And then, young Vreeland wearily explored those ashes of life—the “papers in the case” of the defunct.
The unwelcome discovery of many evidences of his father’s shame and the revealing of all that secret life which had sent his patient mother to the shadowy bourne of heartbroken wives, was somewhat mitigated by the discovery of a paid-up policy of ten thousand dollars in the great “Acqueduct Life Insurance of New York City.”
There was, as usual, some strings and filaments hanging out loosely knotted up, and it had been a labor of months, involving a correspondence of some acerbity, for him to obtain letters of administration, close up his father’s “estate,” and depart to Gotham to receive a check for seven thousand dollars in full settlement of the claim.
On the road over from Spokane, Mr. Harold Vreeland had carefully counted all his ships. He had even gone over all his own abortive attempts at opening any useful career, and so, on this summer evening, he gloomily felt how poorly prepared he was to fight the battle of life against the keen competition and increasing pressure of his peers in New York City.

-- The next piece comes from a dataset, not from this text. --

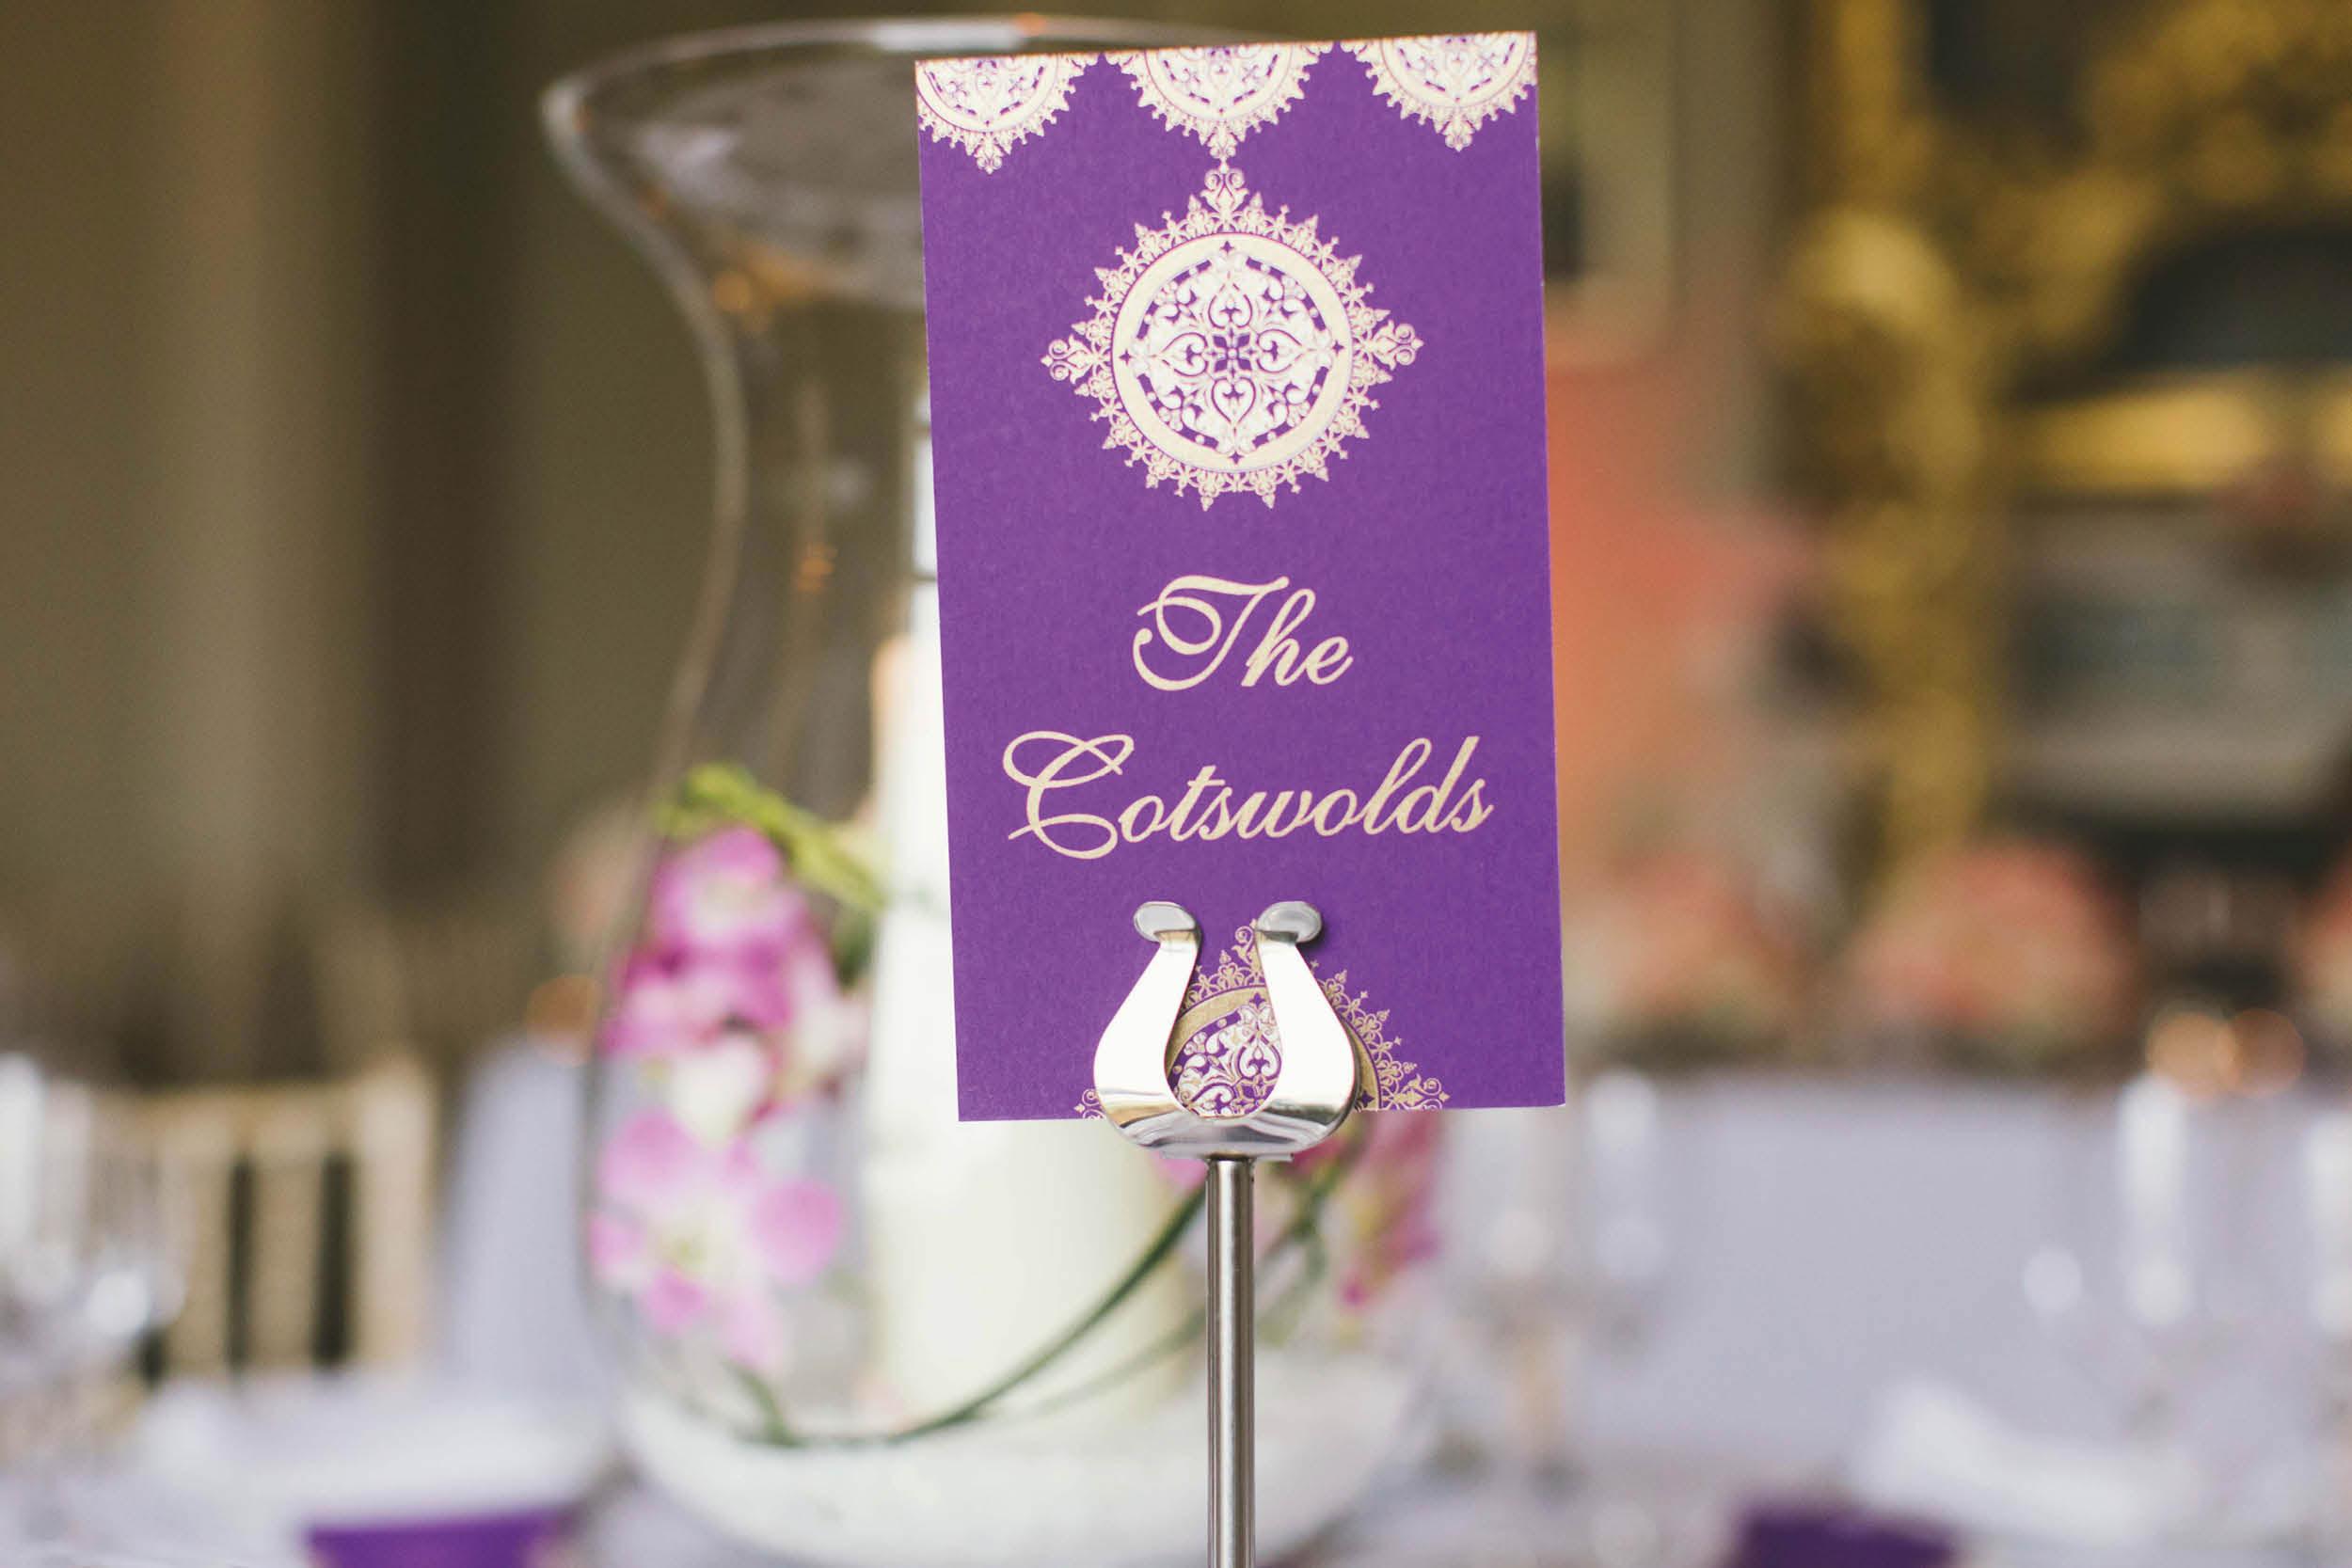 bespoke_wedding_table_stationery_mandala_ananyacards.com-06.jpg

“If I had only my father’s profession, I would have a chance to get in among these fellows, and I would soon have my share of the gate money,” he growled.
“But to take a place in the line of mere drudges, to sink down into the death in life of a hall room and a cheap boarding-house. Once planted there, I am there forever. And I have not a friend in the whole world!”
His mental harvest had only been one of husks, and he keenly felt the absence of any definite calling pour accrocher.
Suddenly his eye caught the gleam of a sunset upon a dozen drifting, glittering white sails on the river.
They all seemed to float on serenely, borne along upon the broad tide, with no visible man’s hand to guide.
“I will drift a while,” he murmured. “I have a few thousand dollars. Something will surely turn up. If it does not,” he resolutely said, “then, I will turn it up myself.”